**PROMPT:**
All of the data should be copied exactly, with the pictures left out.

**DATA PROVIDED:**
▬▬▬▬▬▬
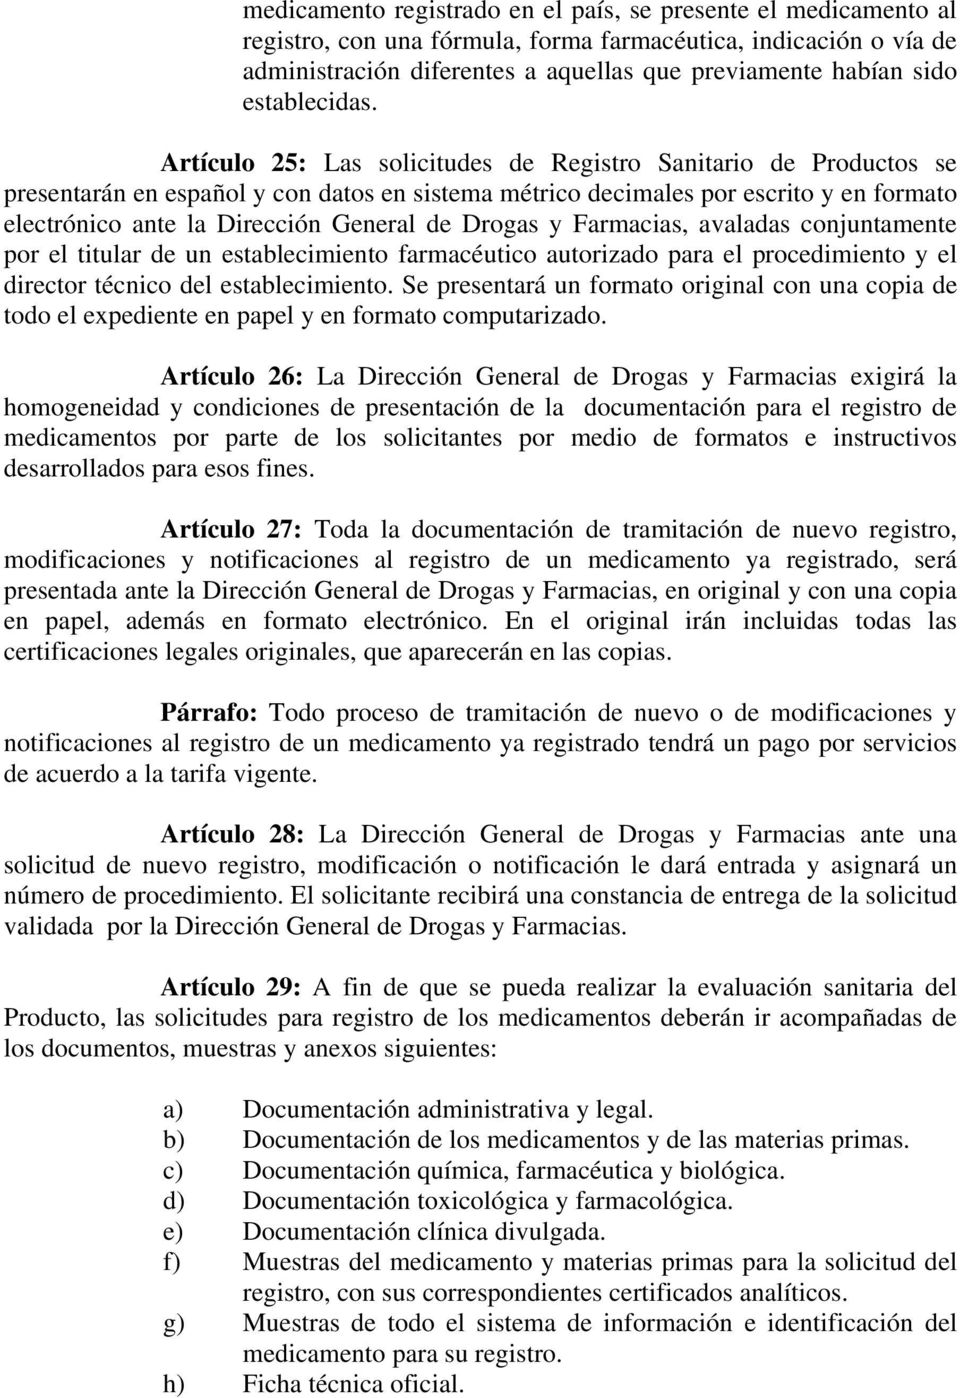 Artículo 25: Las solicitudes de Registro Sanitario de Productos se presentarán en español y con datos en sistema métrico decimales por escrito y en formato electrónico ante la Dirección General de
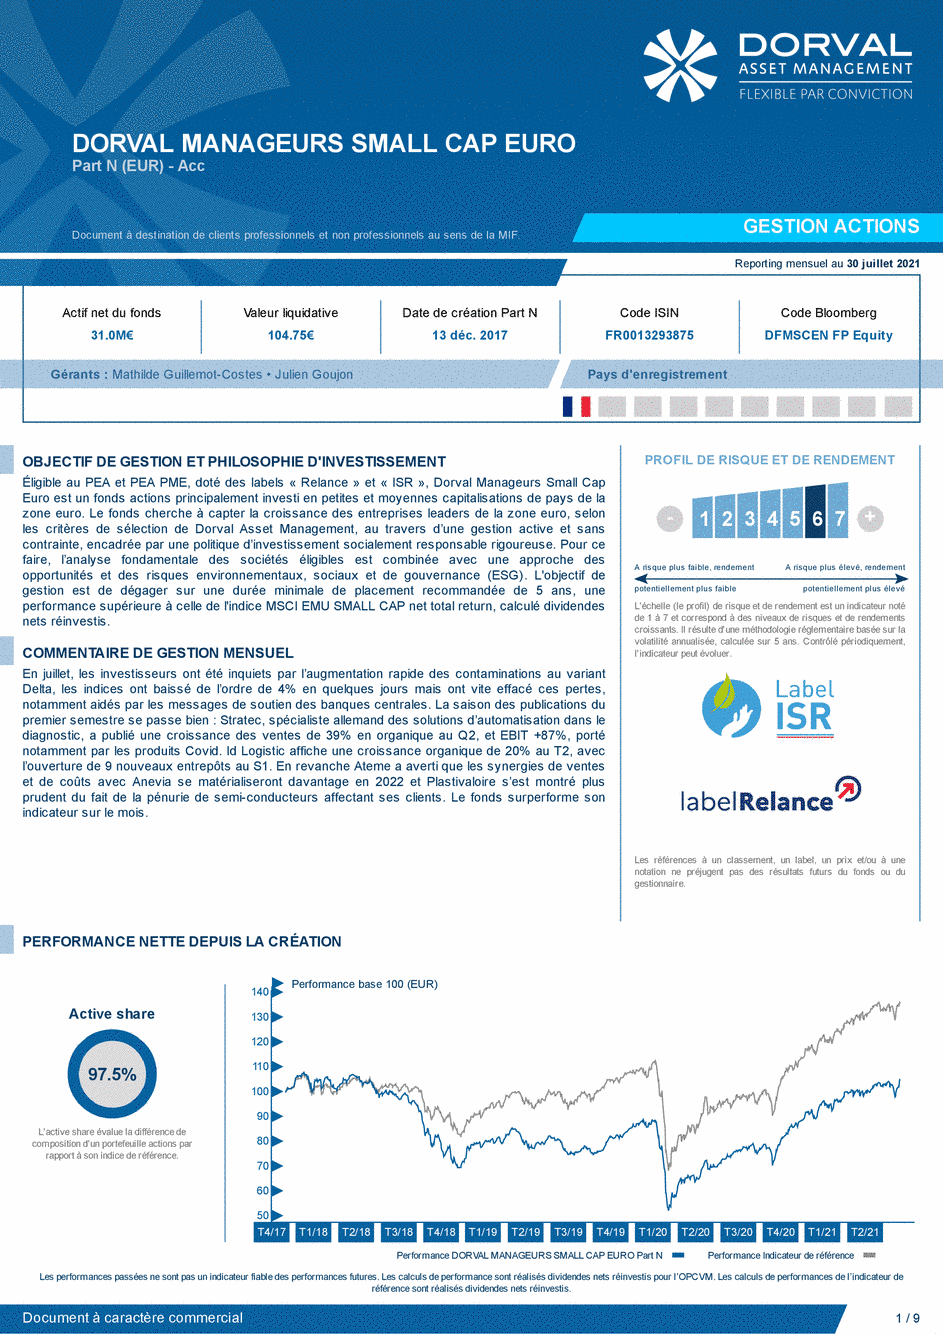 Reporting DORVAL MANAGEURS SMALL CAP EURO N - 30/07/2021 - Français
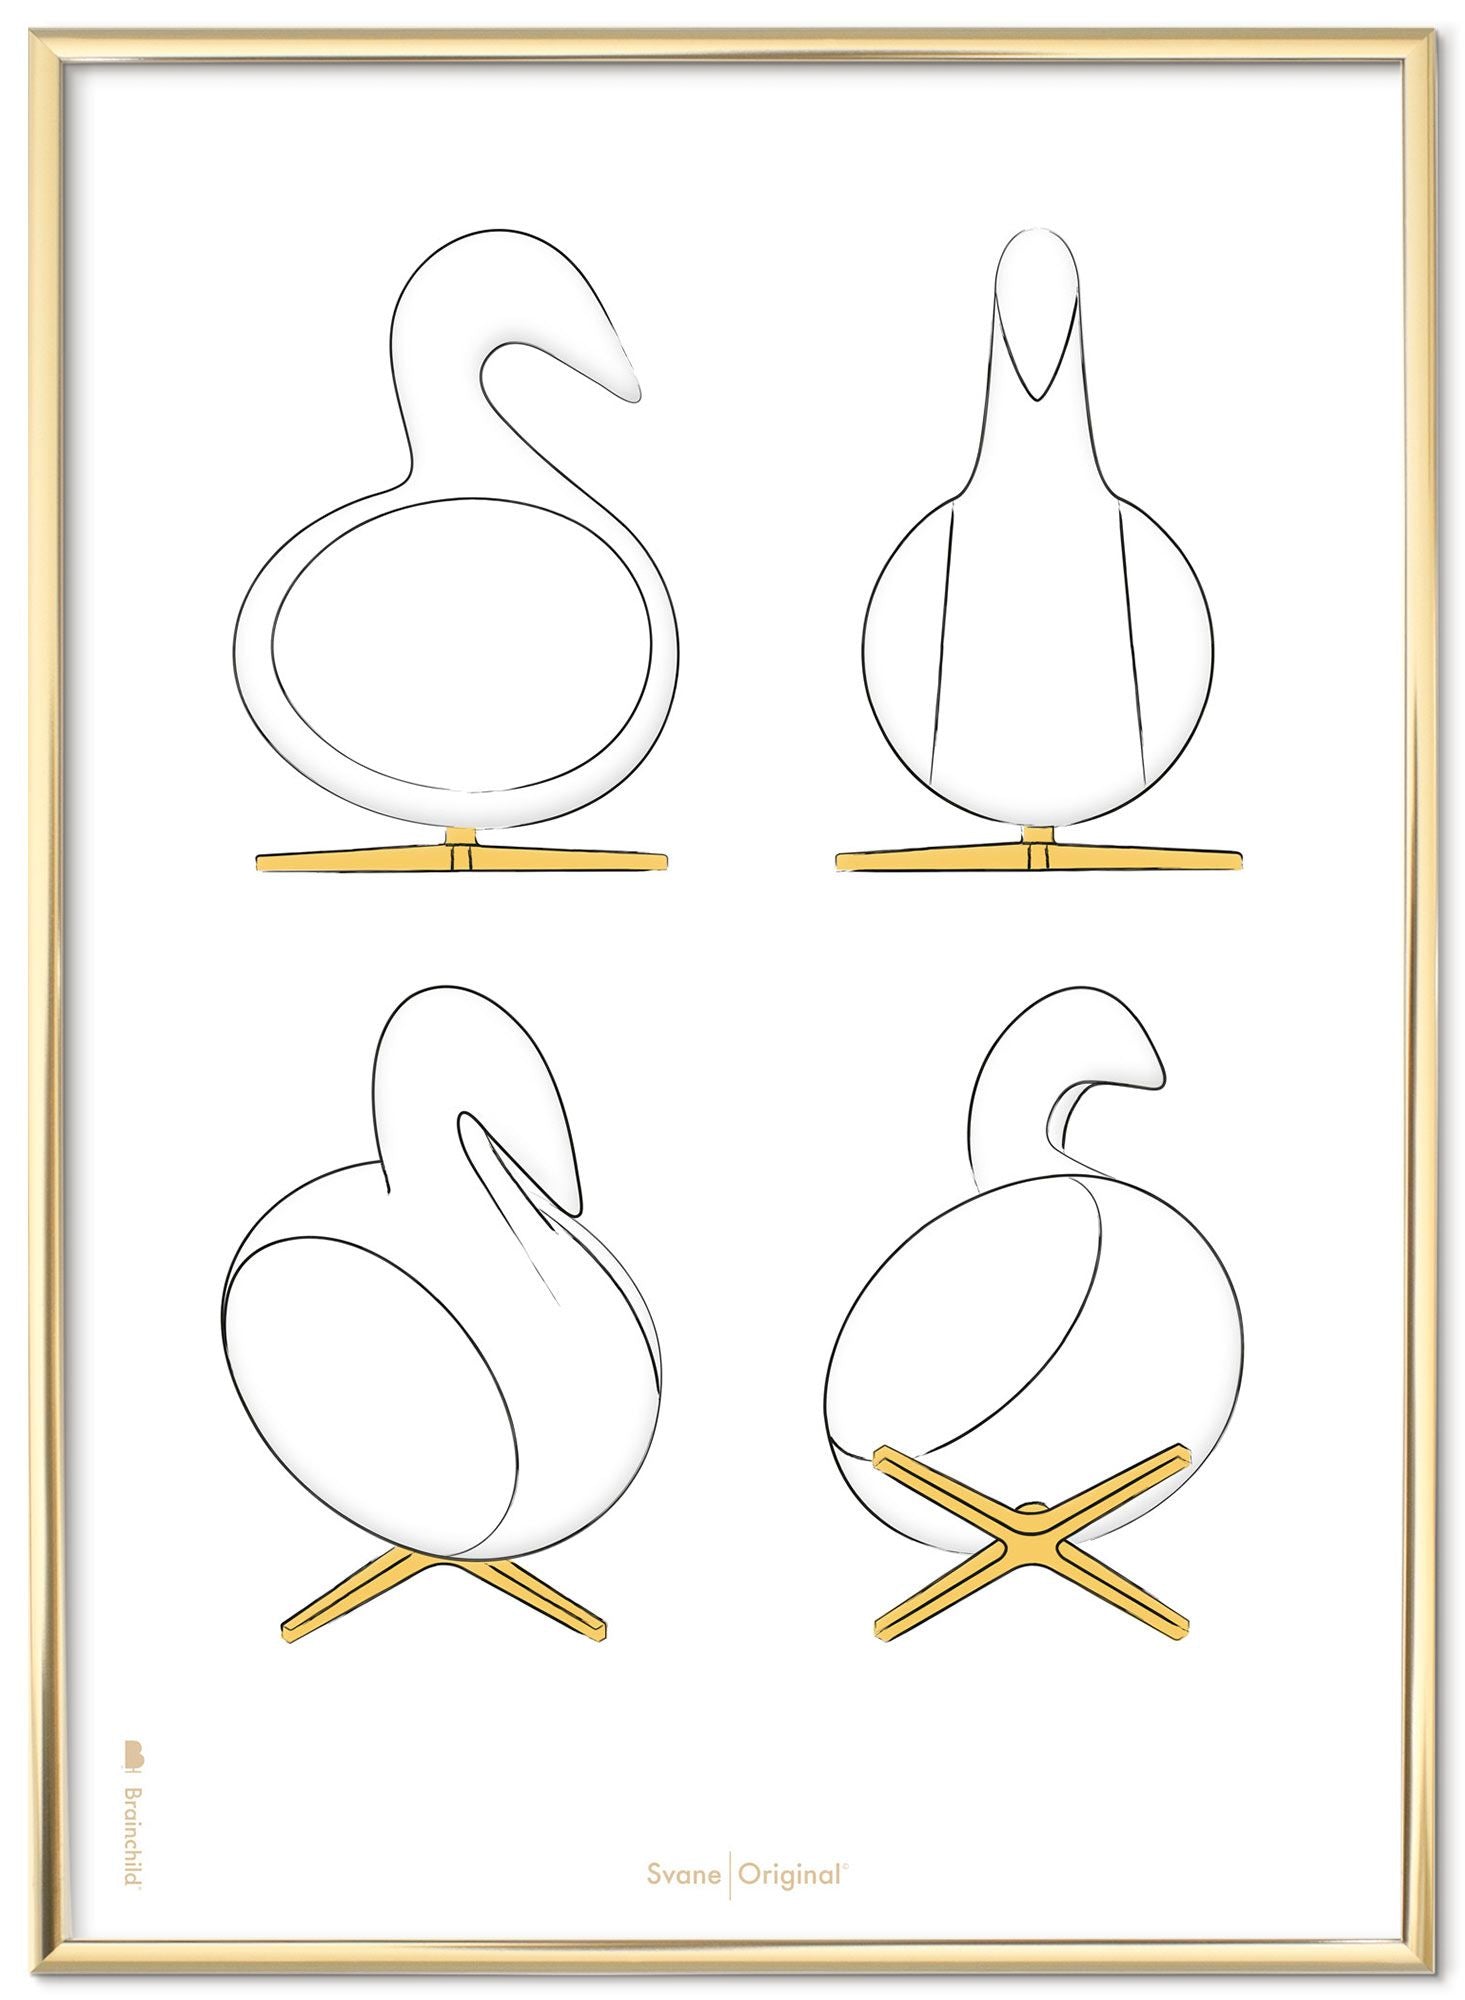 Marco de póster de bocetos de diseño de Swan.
▬▬▬▬▬▬
**ANSWER BOX:**
 Artículo 25: Las solicitudes de Registro Sanitario de Productos se presentarán en español y con datos en sistema métrico decimales por escrito y en formato electrónico ante la Dirección General de
 Reporting DORVAL MANAGEURS SMALL CAP EURO N - 30/07/2021 - Français
 Marco de póster de bocetos de diseño de Swan.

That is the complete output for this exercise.